**Your goal**: Each line of the data below should be restated exactly, with images left out.

**Data excerpt**:
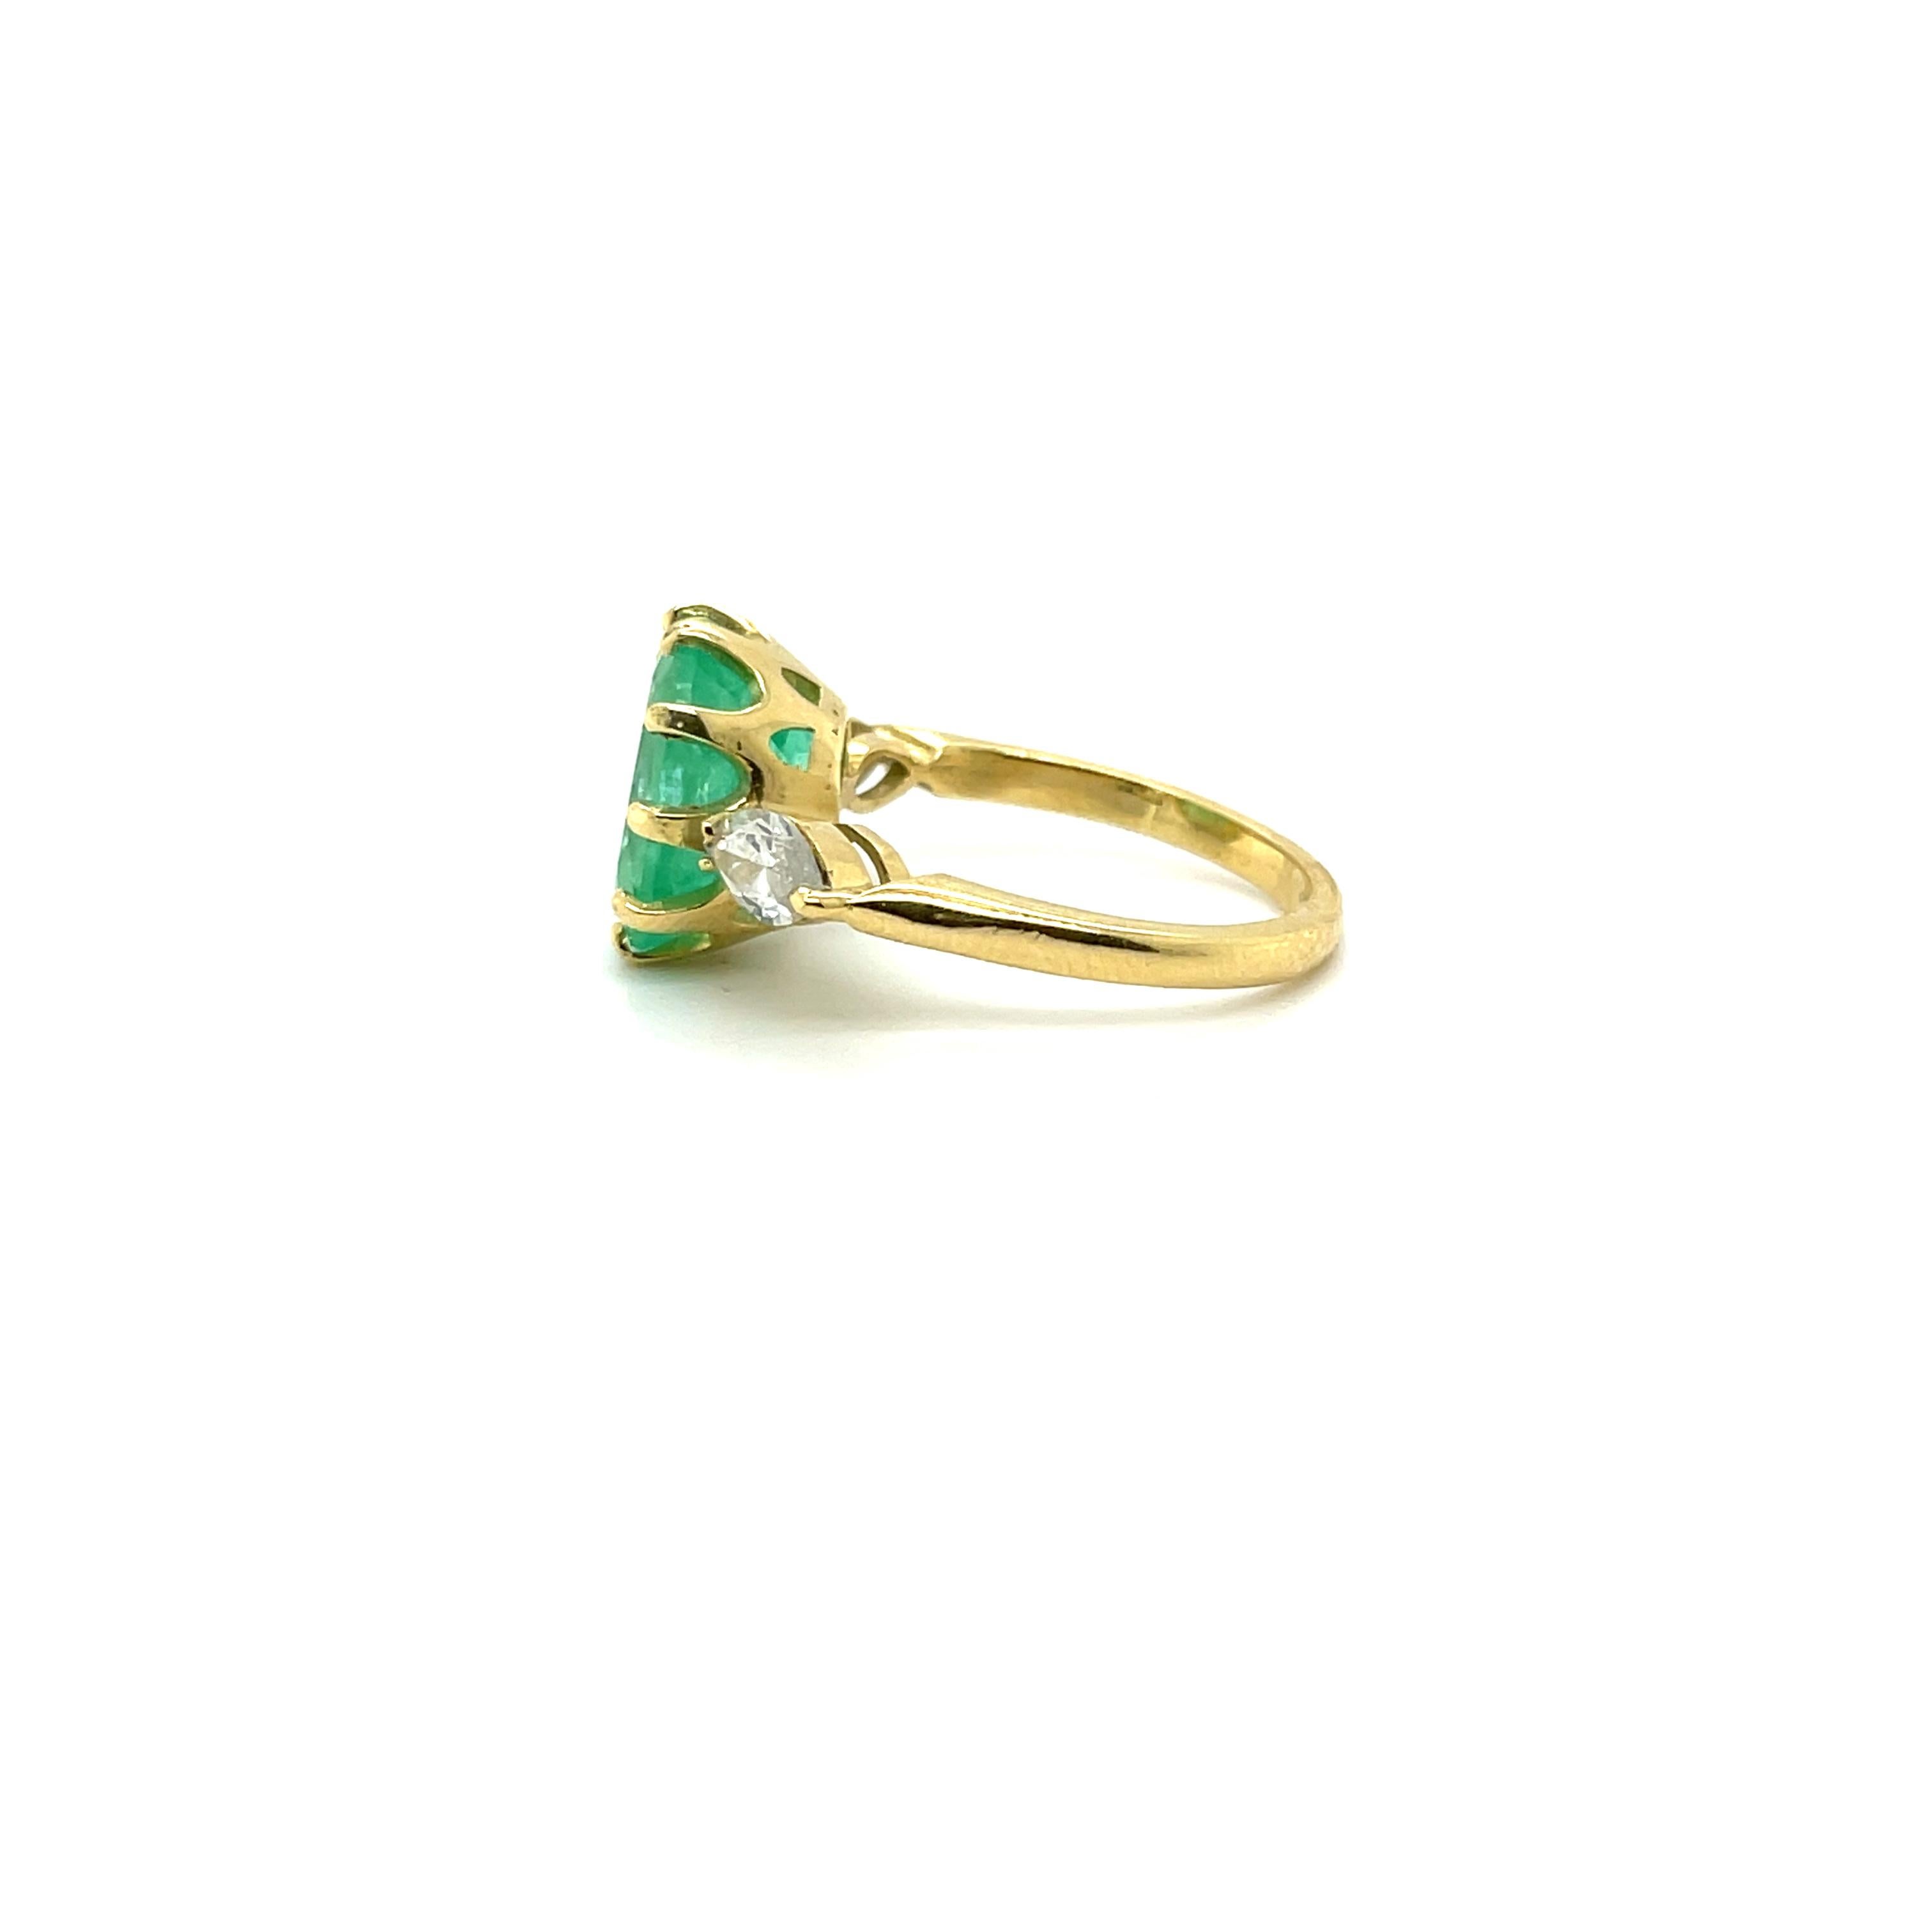 Gorgeous Emerald and Diamond trilogy ring , stunningly crafted in eighteen karat yellow gold , complimented by a beautiful polished finish design. 


One ladies - 18ct yellow gold dress ring, narrow, half round shank with underrail, multi-
claw

**Solution for this problem**:
 Gorgeous Emerald and Diamond trilogy ring , stunningly crafted in eighteen karat yellow gold , complimented by a beautiful polished finish design. 


One ladies - 18ct yellow gold dress ring, narrow, half round shank with underrail, multi-
claw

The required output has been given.